**Task item**
The copy you return must match the listing word for word and carry no pictures.

**Supplied information**

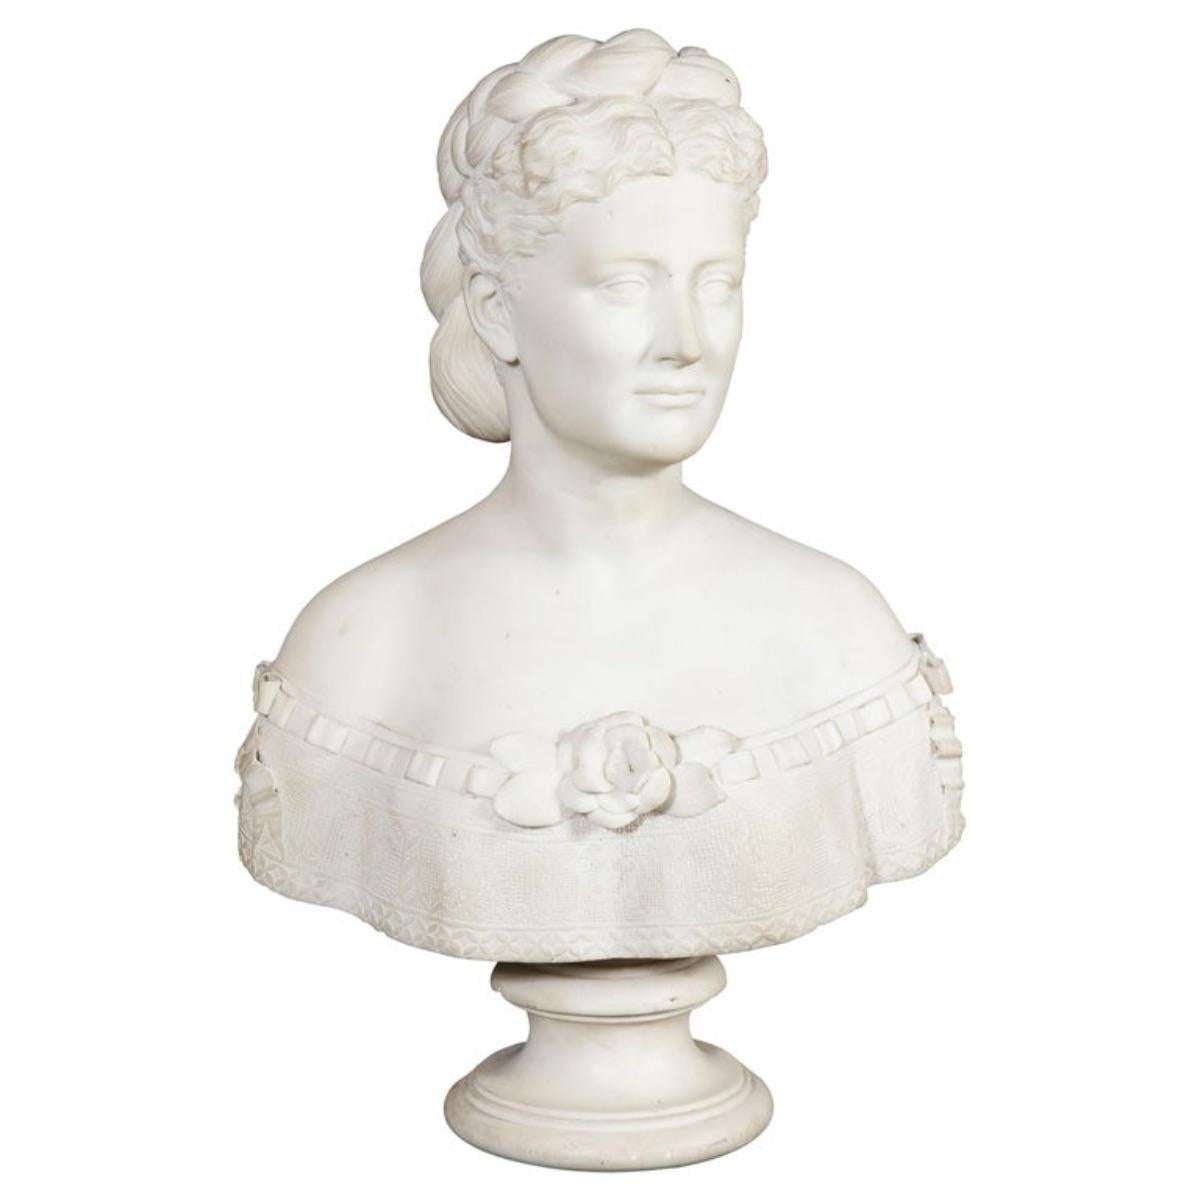 Thomas Ridgeway Gould (1818–1881): äußerst rare amerikanische Büste einer Frau aus weißem Marmor, um 1870.  

Darstellung einer schönen Frau mit doppelreihigem, zu einem Dutt geflochtenem Haar. Sehr gute Qualität, ein Meisterwerk, Museumsskulptur. 
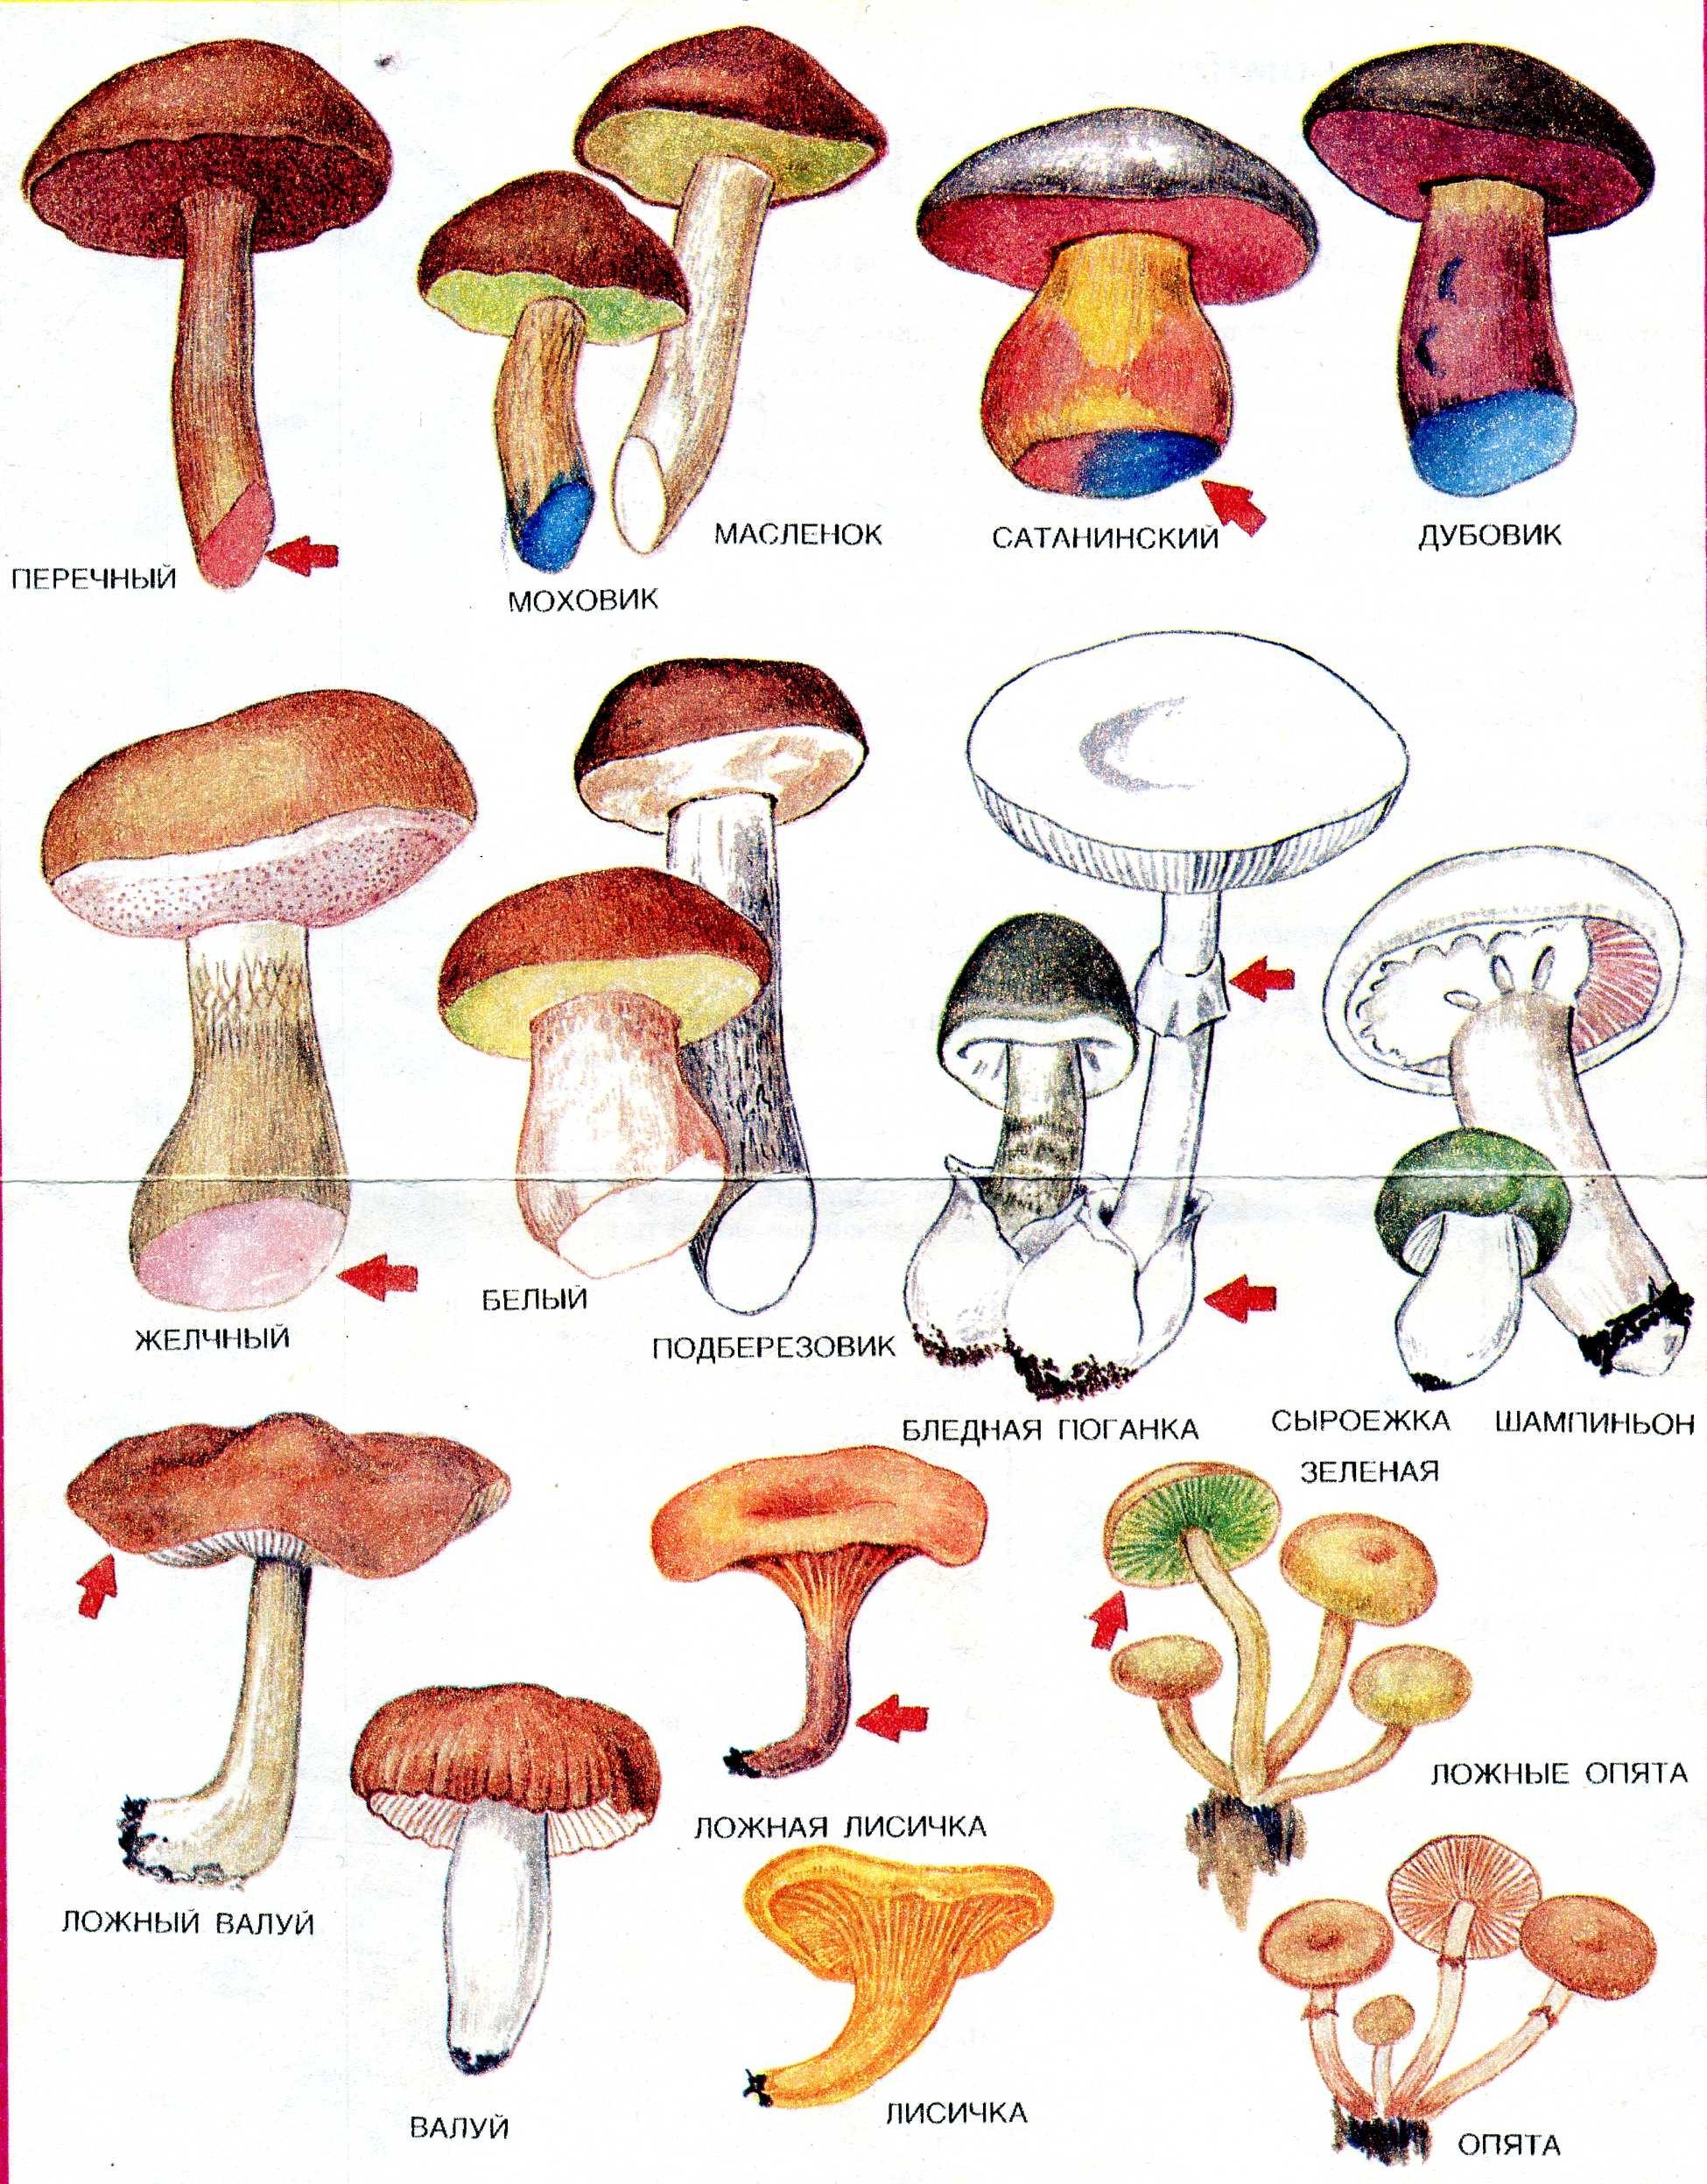 Название некоторых грибов. Грибы съедобные и несъедобные с названиями. Грибы съедобные и несъедобные грибы и ядовитые грибы. Грибы съедобные и несъедобные с названиями и описанием. Съедобные грибы и несъедобные грибы названия таблица.

**Written solution**
 Thomas Ridgeway Gould (1818–1881): äußerst rare amerikanische Büste einer Frau aus weißem Marmor, um 1870.  

Darstellung einer schönen Frau mit doppelreihigem, zu einem Dutt geflochtenem Haar. Sehr gute Qualität, ein Meisterwerk, Museumsskulptur. 
 Название некоторых грибов. Грибы съедобные и несъедобные с названиями. Грибы съедобные и несъедобные грибы и ядовитые грибы. Грибы съедобные и несъедобные с названиями и описанием. Съедобные грибы и несъедобные грибы названия таблица.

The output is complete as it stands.